А у меня было, да. Но это скорее обламывало. Не крутая штука. Уязвимая, тонкая… А еще очень болезненная, если безответная. Брат меня троллил за это. А мне хотелось быть таким, как он. Уверенным в себе сердцеедом, прохладным, небьющимся на осколки от каждого порыва эмоций. Дан был «крутой». Девчонка, которая мне нравилась была по уши влюблена в моего брата. Естественно — безответно. Ну, может и не влюблена. Но готова была душу продать за его внимание. Продала чуть подешевле. Мне. За дорогие знаки внимания.
Было очень противно. И мне захотелось себя притупить более «мужскими» вариациями чувств и эмоций. Ну, чтобы все без соплей — точно, уверенно, умело. Как Дан. Получилось. Похабные игры, запилы со старшим по злачным тусовкам… Девочки любят мажористых плохишей. Любят наглость, приправленную надменностью. Кайфовал какое-то время. Потом — приелось…
Но по этому — тонкому — начал голодать с появлением Аси. Нет, у нас не случилось его. Но я почувствовал, что могло бы. Ася достаточно смелая, глубокая и требовательная. Пожалуй, смелее была только Динка со своими экзерсисами, вскрывая себя наживую. Мое мерило…
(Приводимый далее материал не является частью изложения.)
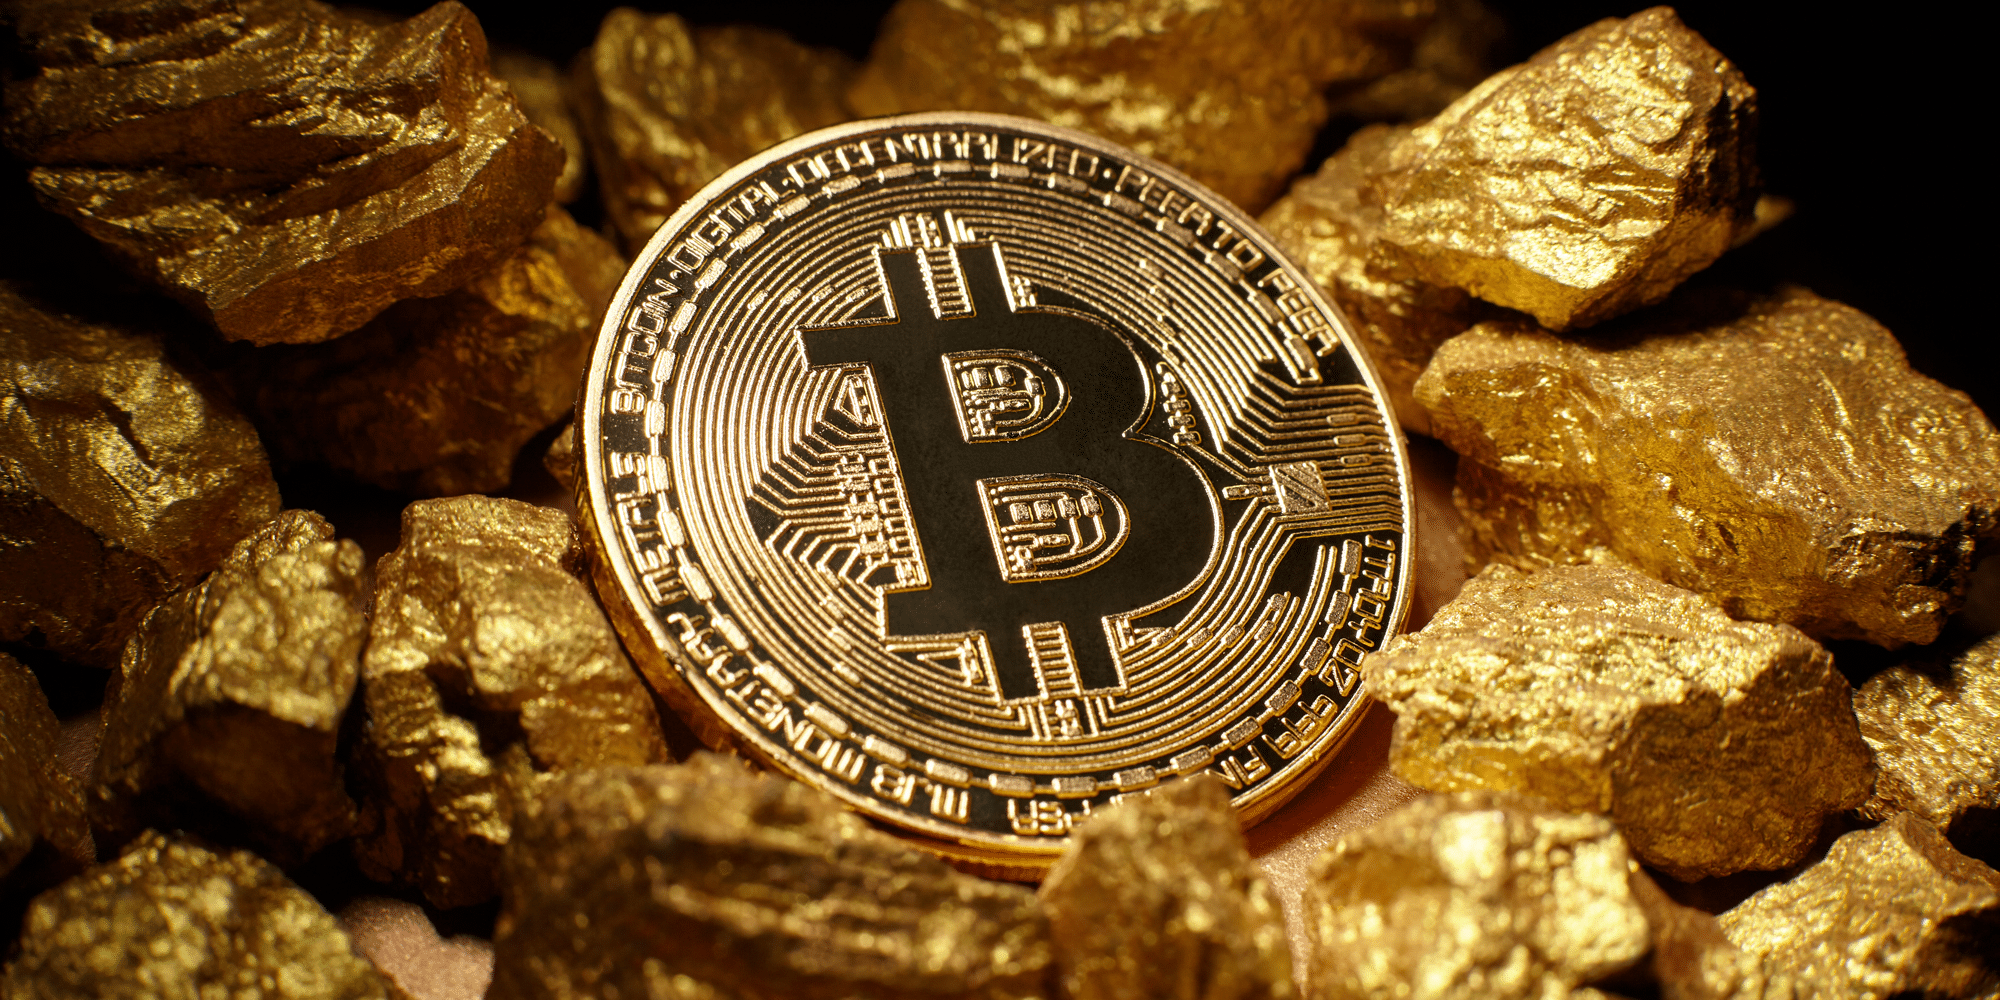 bitcoin gold nedir

И даже несколько раз за последнее время пытался сынициировать «это» с девочками. Но ни с кем не случилось коннекта. Все плоско, наигранно, нелепо, неуместно! А с Диной сейчас происходит. Очень естественно.
Вдыхаю запах ее волос, он кружит голову. Наши пальцы играют друг по другу, как на рояле. По телу струится ток, не давая дышать ровно.
Обрисовываю пальцами линию ее челюсти. Давя на подбородок, поднимаю ее лицо выше. Наше дыхание смешивается. Закрываю глаза и растворяюсь в этом пронизывающим насквозь ощущении парения, откровенности, пронзительного кайфа.
Я гнался за остротой, повышая градус пошлятины. Но только притупил ее. А она живет совсем в других моментах.
И ничего не надо, чтобы это чувствовать. Даже поцелуя.
Чувствую, как бьется сердце, словно зона моего удовольствия перекочевала в грудь. Биение так нарастает, что мне кажется, я взорвусь. Становится невыносимым.
И я целую ее, да. Не для того, чтобы обострить. Наоборот. Чтобы немного притупить и не чокнуться от обжорства этой эмоцией. Слегка касаюсь краешка губ. Они разбиты у нее. Не хочу делать больно.
— Раф… — шепчет Дина. — А как же Ася?
— Что? А при чем тут Ася?
— Она же тебе нравится.
Пытается отстраниться. Впечатываю ее обратно.
— Ася — друг, — улыбаюсь я. — Она видит во мне «меня», а не то, что все остальные. И никакие мои косяки ее не сбили. Это ценно. Если друзья и должны быть, то только такие.